According to Ben-Shahar, I have failed to see the bigger picture. "Research shows regular acts of kindness, benevolence and volunteering can add significantly to our sense of well-being. Happiness creates inter-connectedness. It's not just an individualistic thing. Happiness is socially beneficial."

Am I being too self-centred, too greedy about happiness? I confess to Ben-Shahar that I'm feeling envious towards those abnormally cheery souls that appear to glide through life unscathed, hogging more than their fair share of bliss.

"Well, jealousy is a natural emotion," he chuckles. "It's true that there are people with really positive dispositions, and some of that is determined genetically. But there is no-one out there experiencing a constant high of happiness. In fact, quite often the people who seem to us the happiest are the ones who have experienced difficulties and hardship.

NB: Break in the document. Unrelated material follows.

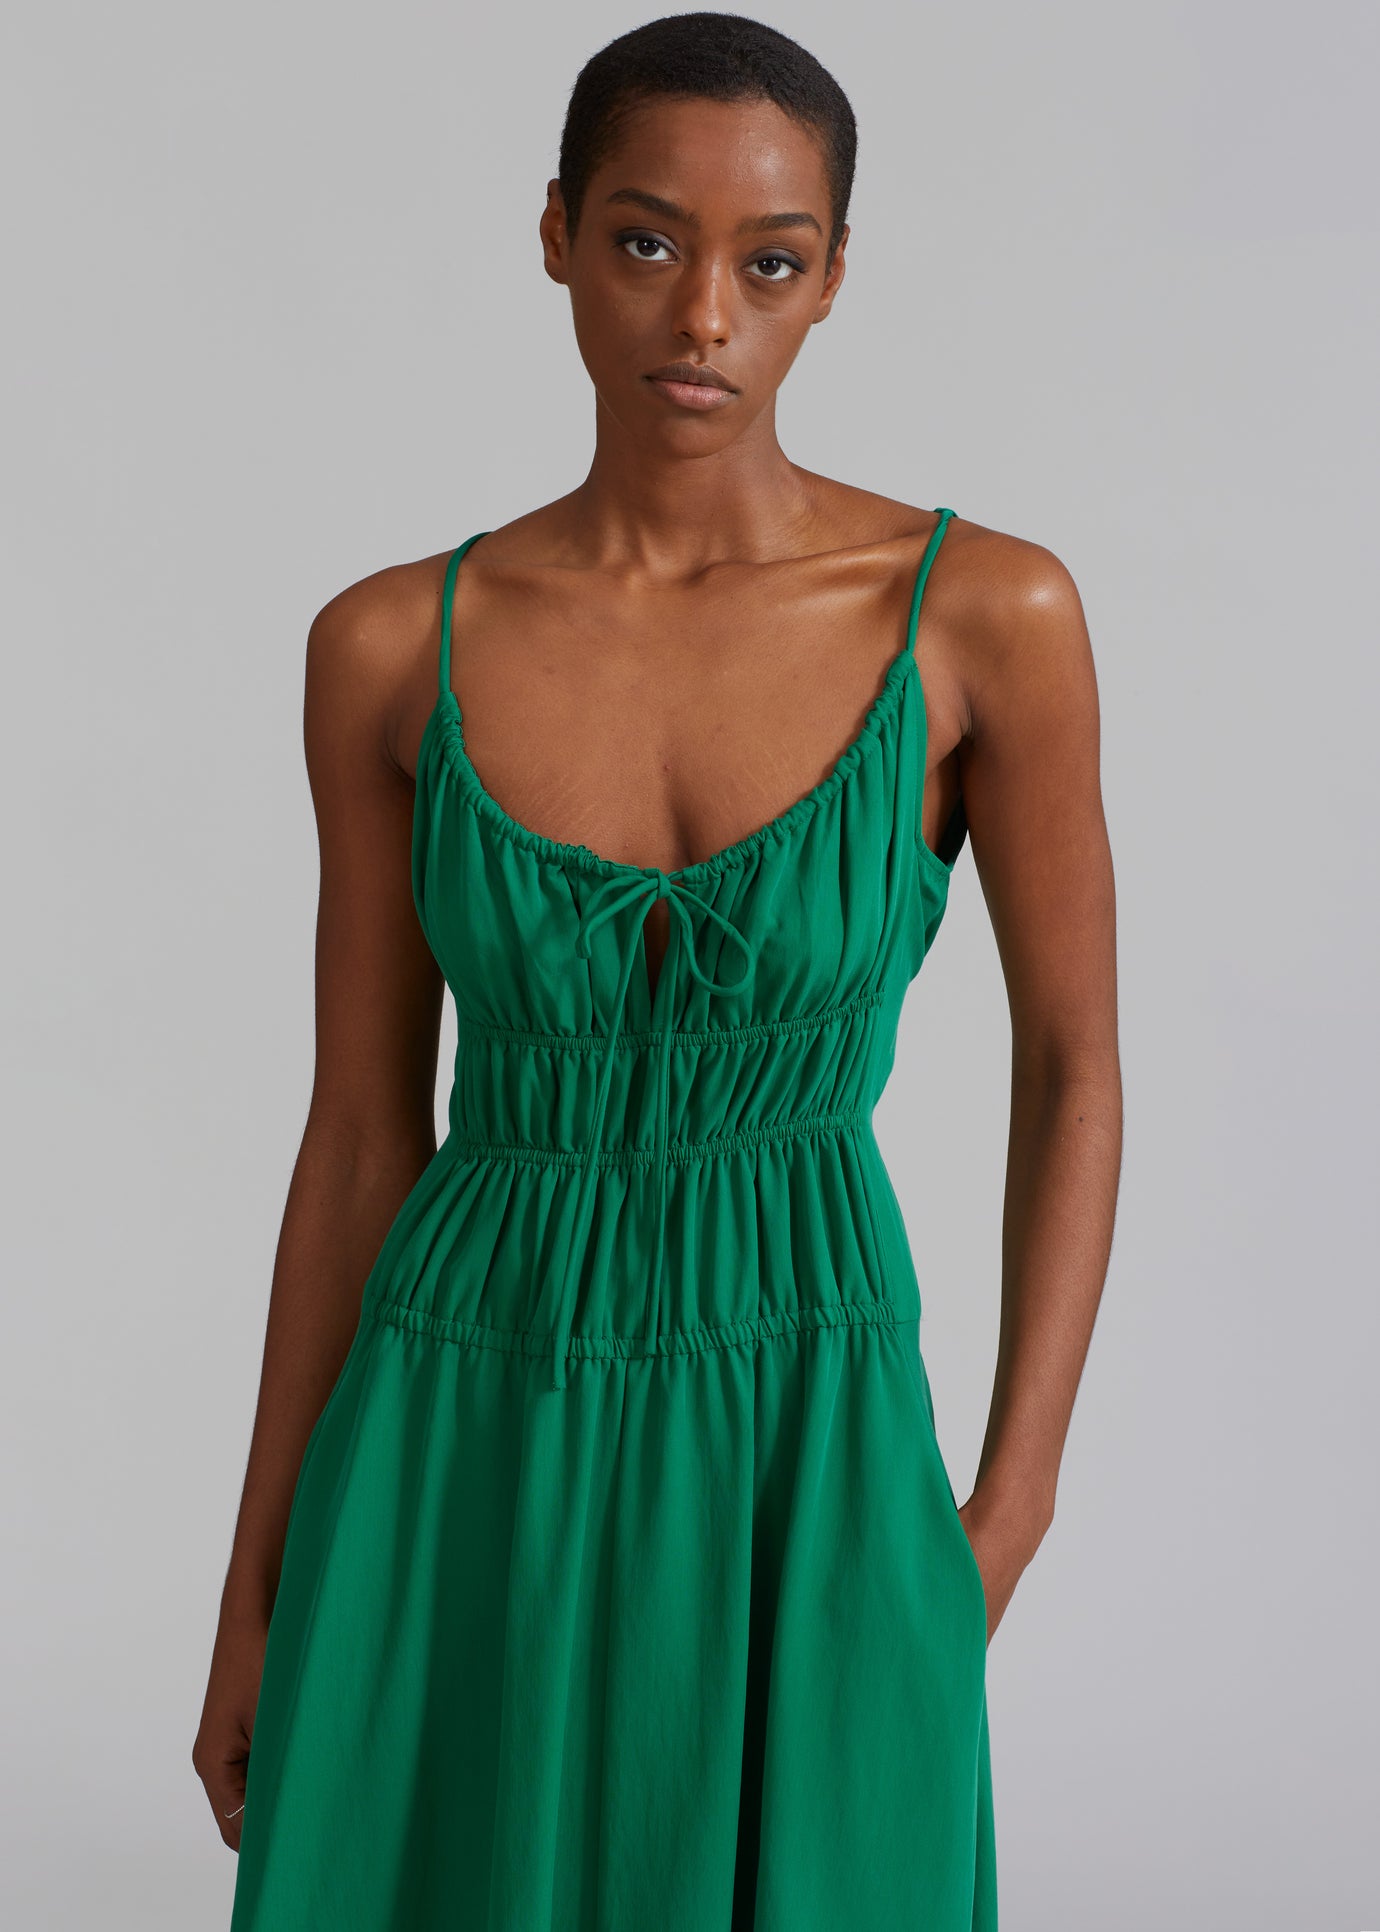 Proenza Schouler White Label Drapey Suiting Ruched Dress - Green - 1

They've learned to cope and have become more appreciative of what is good in their lives."

Some subdued, part of my brain has known this all along, but required intelligent exposition from a fellow rationalist. "I wasn't born with a positive disposition either," confides Ben-Shahar. "I wasn't born with a smiley face. I've had to work at happiness and I still have to work on it. The wonderful thing is that it's possible to work on it and become happier throughout life."